Action item
Find the line that contains "Кроссовки женские, цвет". Copy it and every line after it to the end of the material below, exactly, with no pictures.

Dataset section
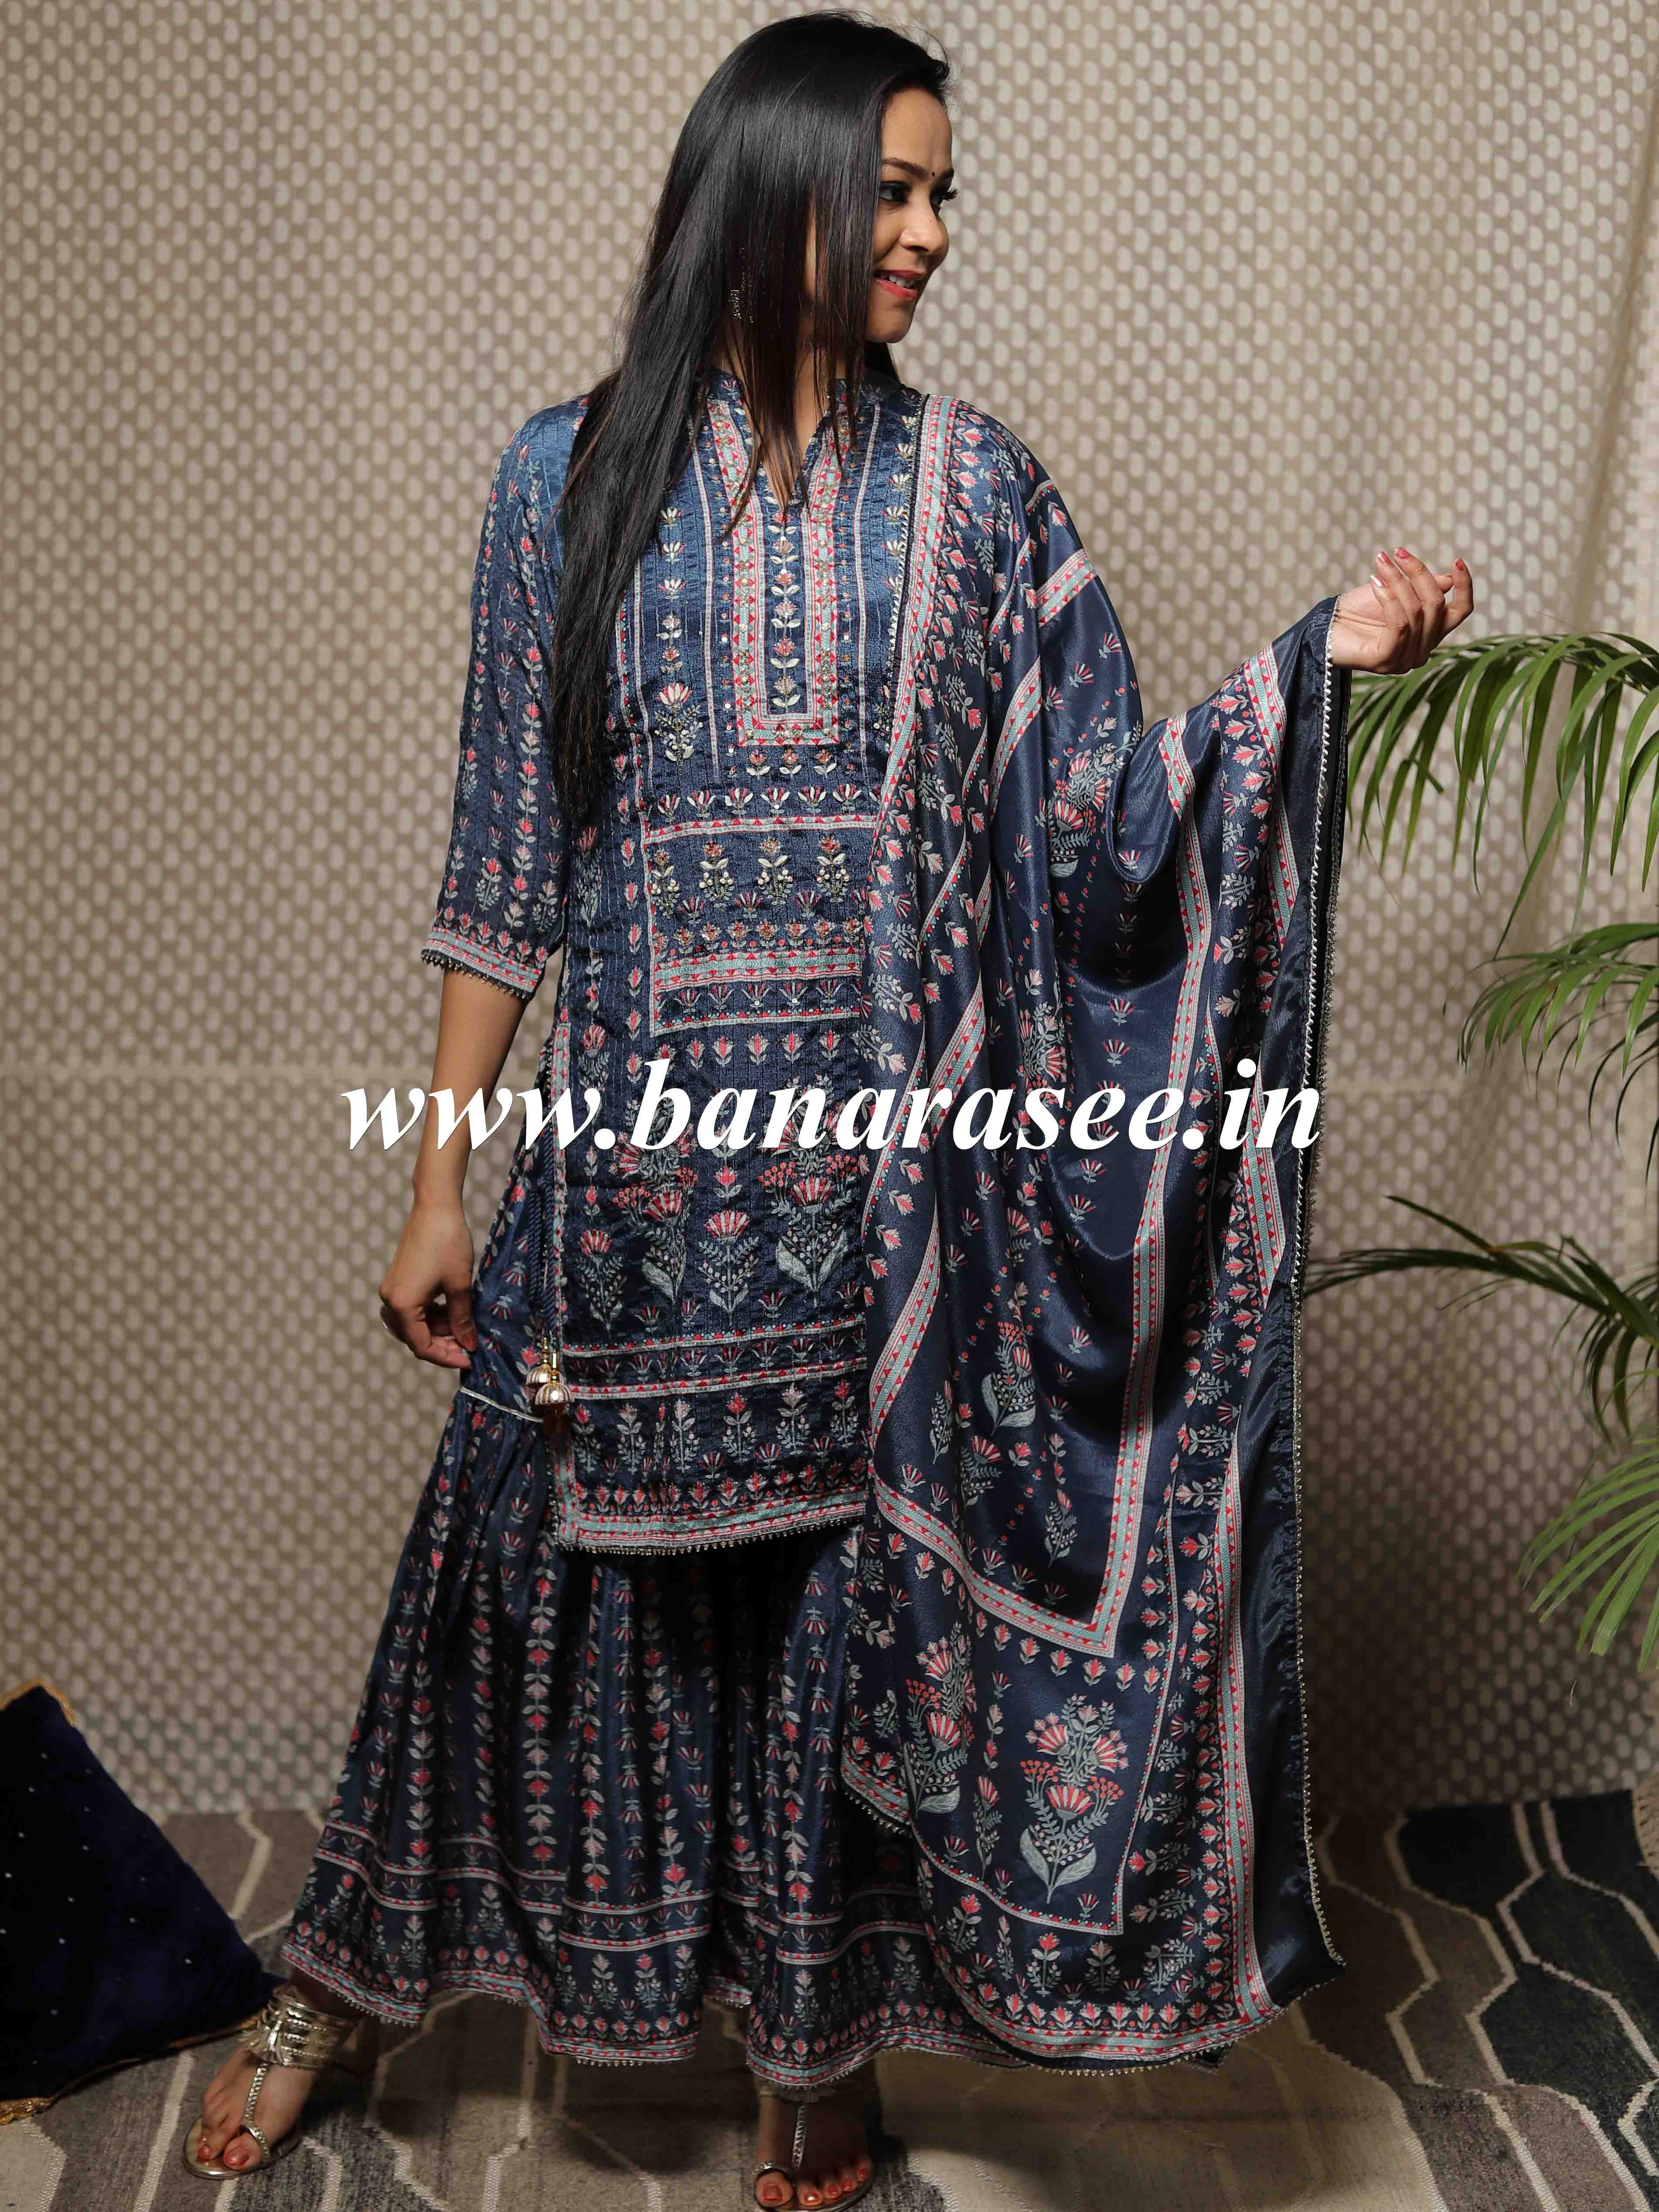 Banarasee Floral Printed Sequinned Kurta With Sharara & Dupatta-Blue
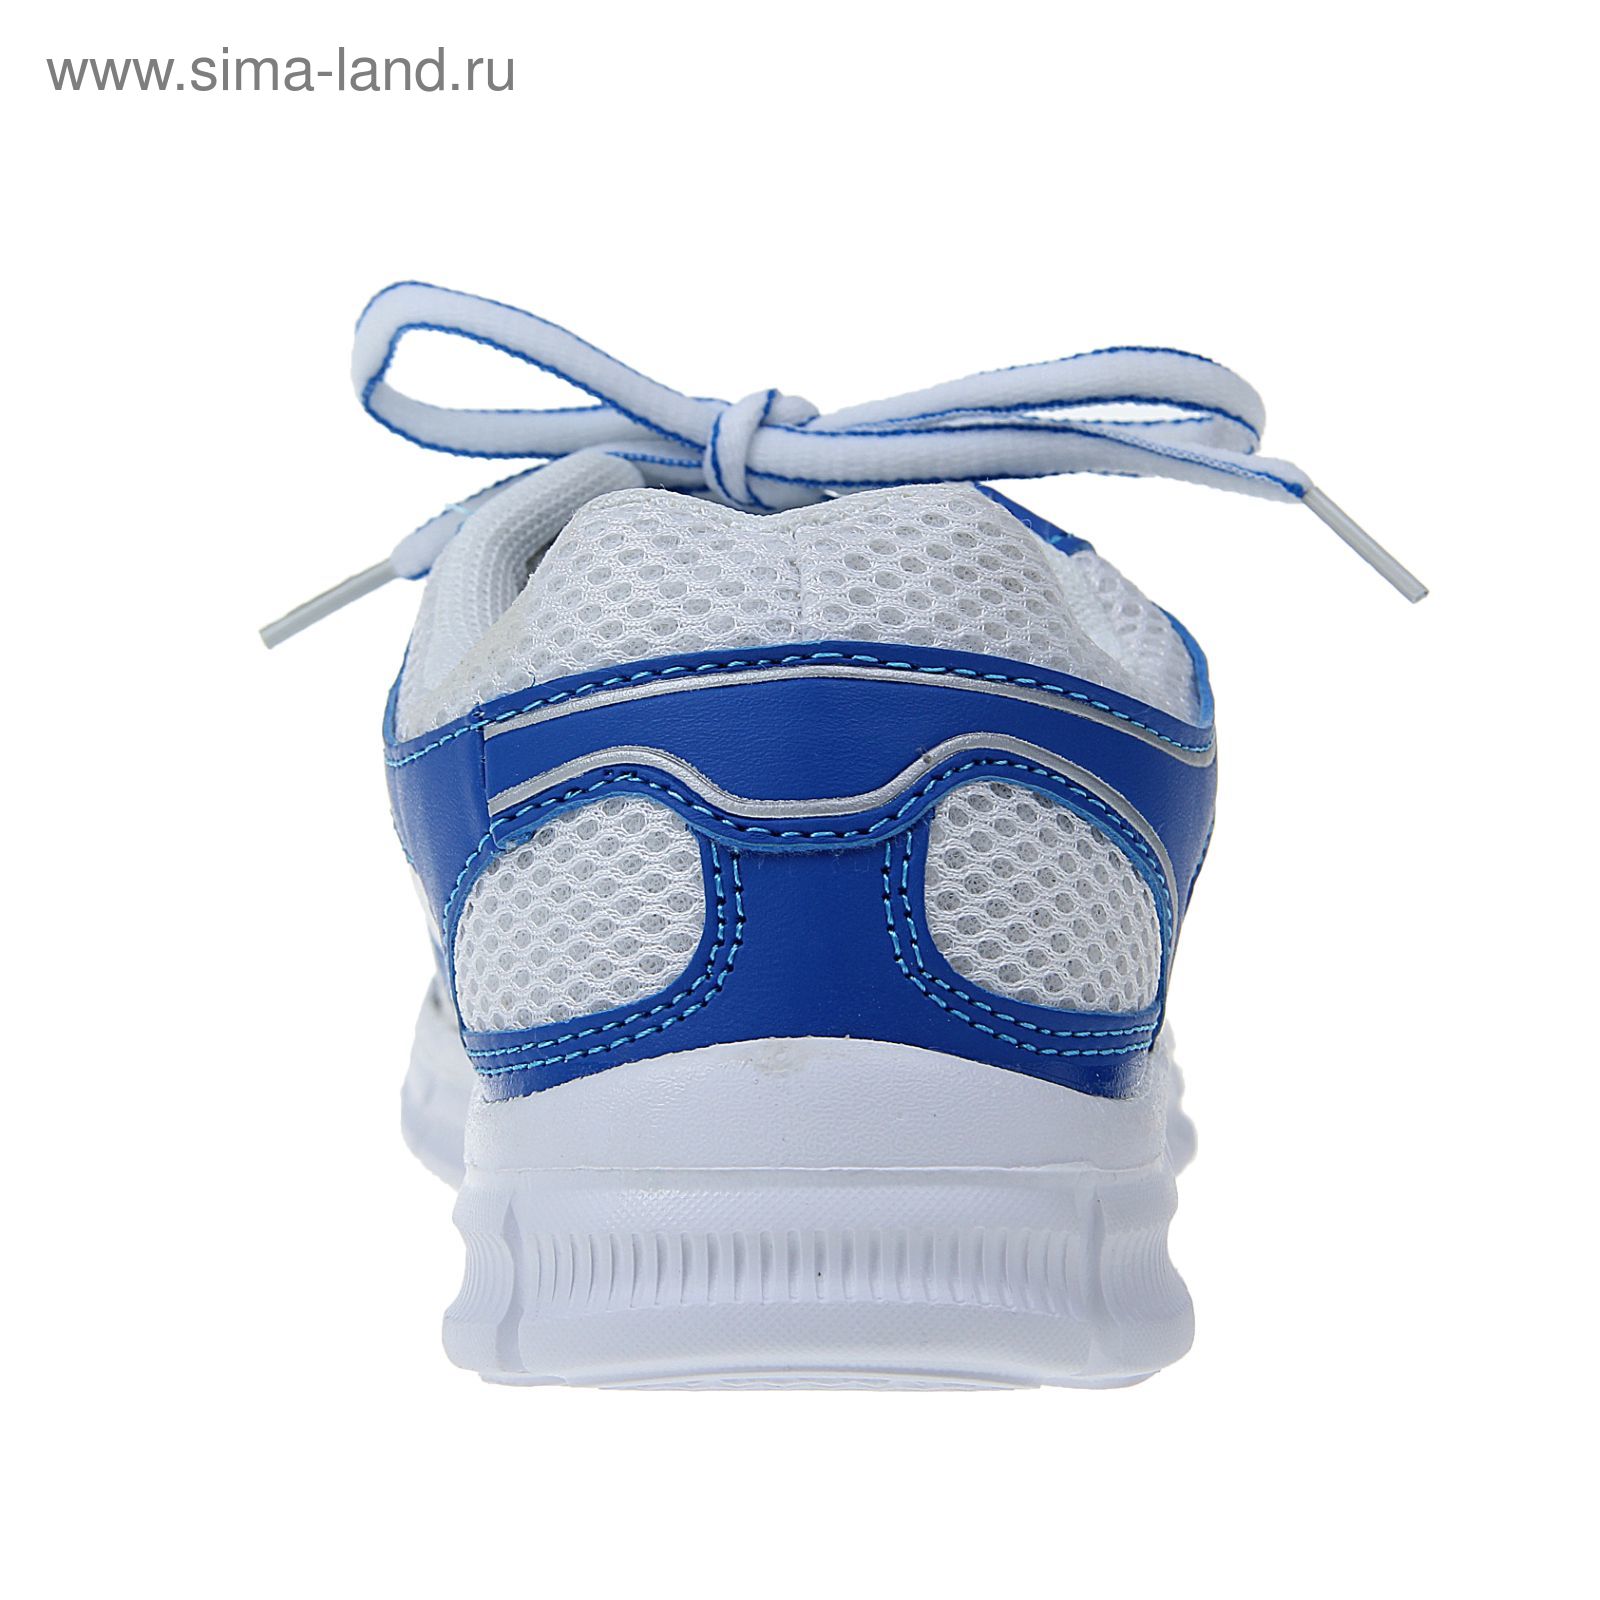 Кроссовки женские, цвет белый/синий, размер 38 (арт. LSW 0026-2-10)
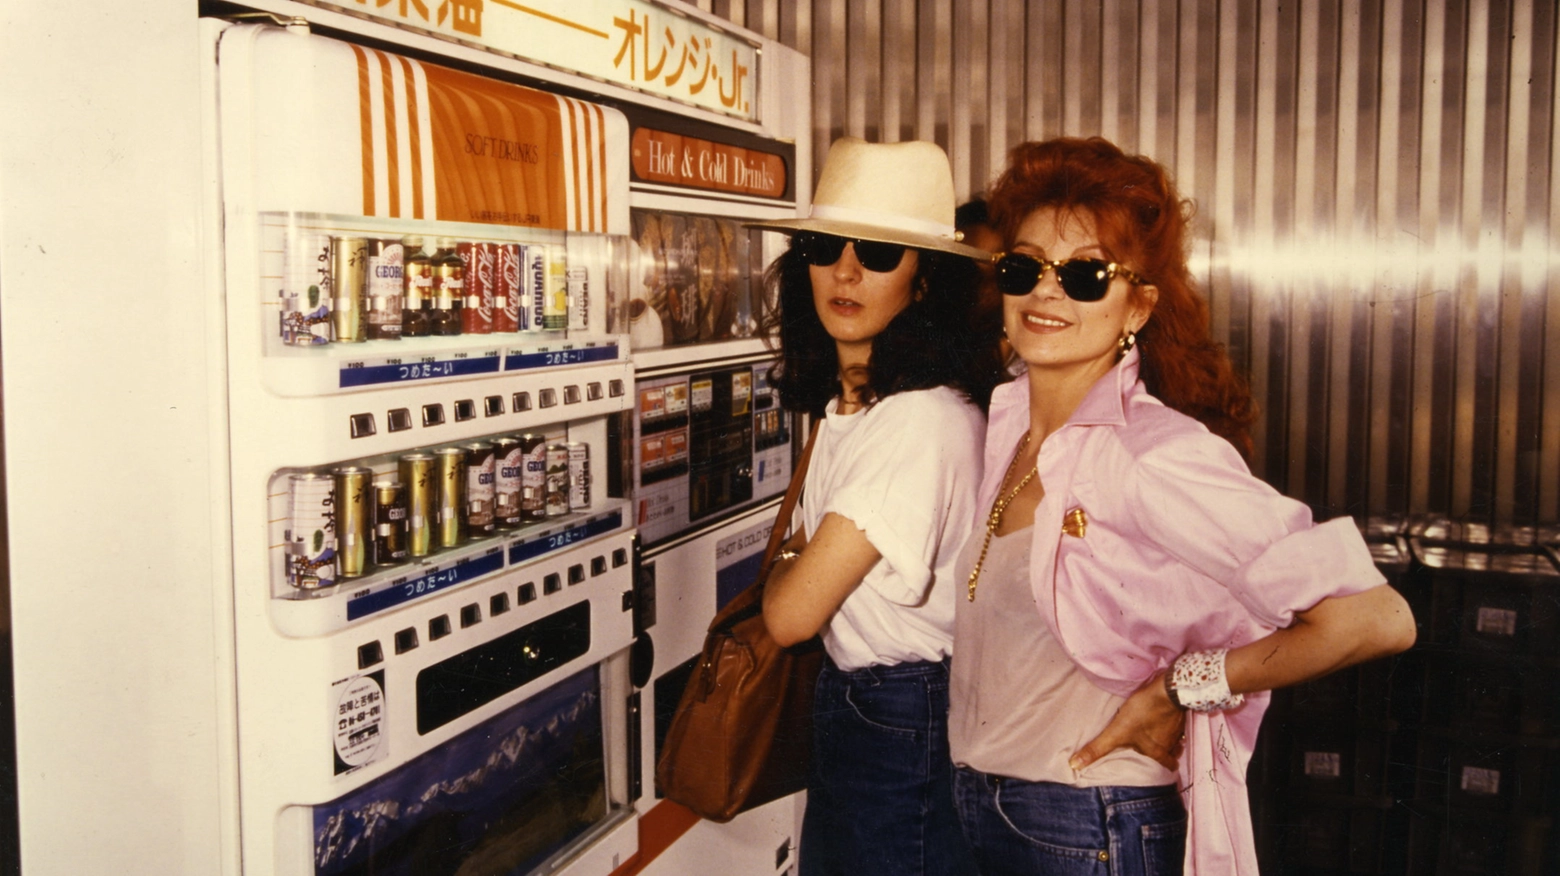 Un'immagine di Milva con la figlia datata 1986

Answer space
 Кроссовки женские, цвет белый/синий, размер 38 (арт. LSW 0026-2-10)
 Un'immagine di Milva con la figlia datata 1986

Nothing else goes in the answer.